Cinsel istismar: Cinsel istismar yaşlı bireyin isteği dışında, diğer deyişle bireyin kendi rızası

olmadan herhangi bir cinsel aktiviteye zorlanmasıdır. Başlıca cinsel istismar belirtileri olarak;

açıklanamayan anal ve vajinal kanama, kanlı, yırtık giysiler, göğüslerdeki çürük ve morluklar,

cinsel ilişki ile bulaşan hastalıklar ve vajinal enfeksiyonlar sıralanabilir.

Ekonomik istismar: Zihinsel yetersizliği gösterilmeyen yaşlı bireylerin sivil ve hukuki

haklarının ihlal edilmesi, yasadışı ya da izinsiz olarak mallarının, parasının, banka/emeklilik

hesabının ya da diğer değerli varlıklarının kullanılması ve değiştirilmesi, kendi evinden

çıkartılması ve hile yolu ile vekâletname alınması ekonomik istismar örnekleridir.

YAŞLILARA YÖNELİK İHMAL

Yaşlıya yaklaşım sorunlarından biri de yaşlı ihmalidir. Yaşlı ihmali, yaşlı bireyi, yiyecek,

giyecek, ısınma gibi temel gereksinimlerinden mahrum etmek olarak tanımlanabilir. Bilerek

veya bilmeyerek yaşlı bireyden yiyecek, içecek, ilaç, protez, gözlük, işitme cihazı vb. tıbbi

cihaz gibi ihtiyaçlarını esirgemek, bakım vermedeki sorumluluklarını yerine getirmede isteksiz

davranarak veya reddederek, yaşlı bireye duygusal, fiziksel acı ve sıkıntı vermektir. Yeme,

giyinme, ısınma, kişisel hijyen gibi gereksinimlerin karşılanmaması, uzun zaman yalnız

bırakılması gibi örnekler ihmali içermektedir.

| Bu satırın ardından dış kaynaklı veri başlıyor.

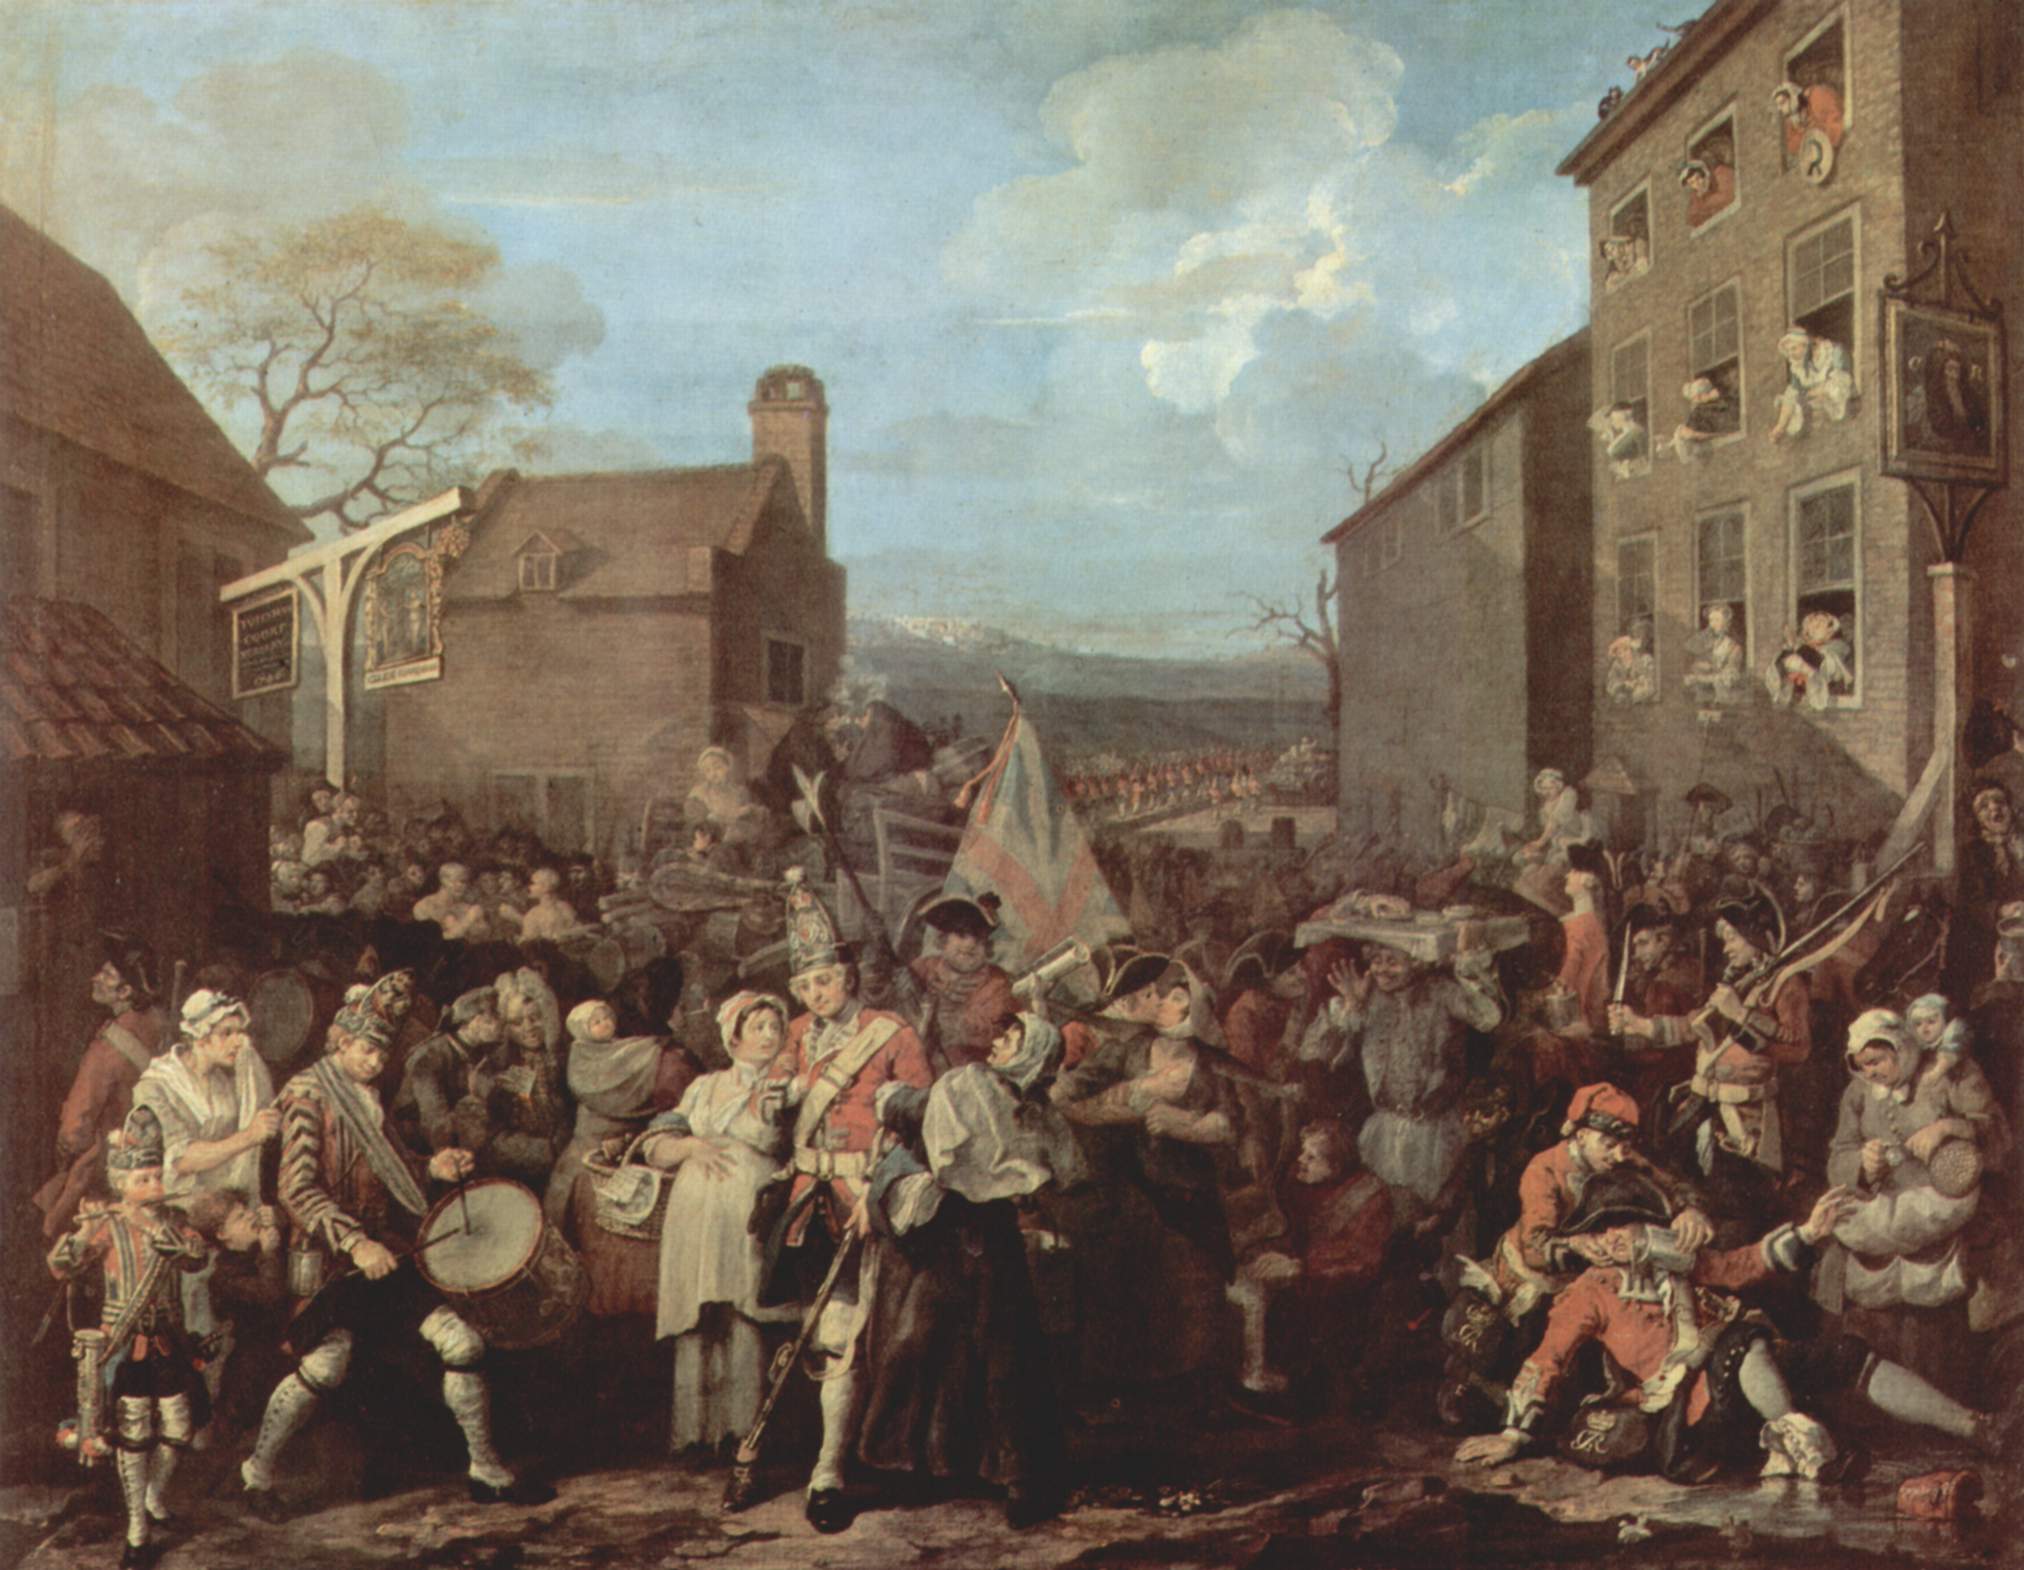 La marcia delle guardie a Finchley, di William Hogarth, 1750

Ayrıca yaşlı ihmalinin varlığını gösteren durumlar;

Yaşlı bireyin bedensel temizliği ya da giyinmesine yardım etmede yetersizlik,

Yaşlı bireyin bedensel ve ruhsal sağlık gereksinimlerini sağlamada yetersizlik

(yaşlının tedaviyi reddettiği durumları içermez),

Yaşlı bireyin sağlığını ve güvenliğini tehdit eden zararlardan korumada yetersizlik,

Yaşlı bireyin bakımına gerekli dikkat ve özen göstermesindeki yetersizlik (kendi

kendini ihmal)

Yaşlı Hakları Ulusal Eylem Planı 2023-2025

Amaç yaş ayrımcılığı ile mücadele ederek yaşlı bireylerin haklarını güçlendirmektir.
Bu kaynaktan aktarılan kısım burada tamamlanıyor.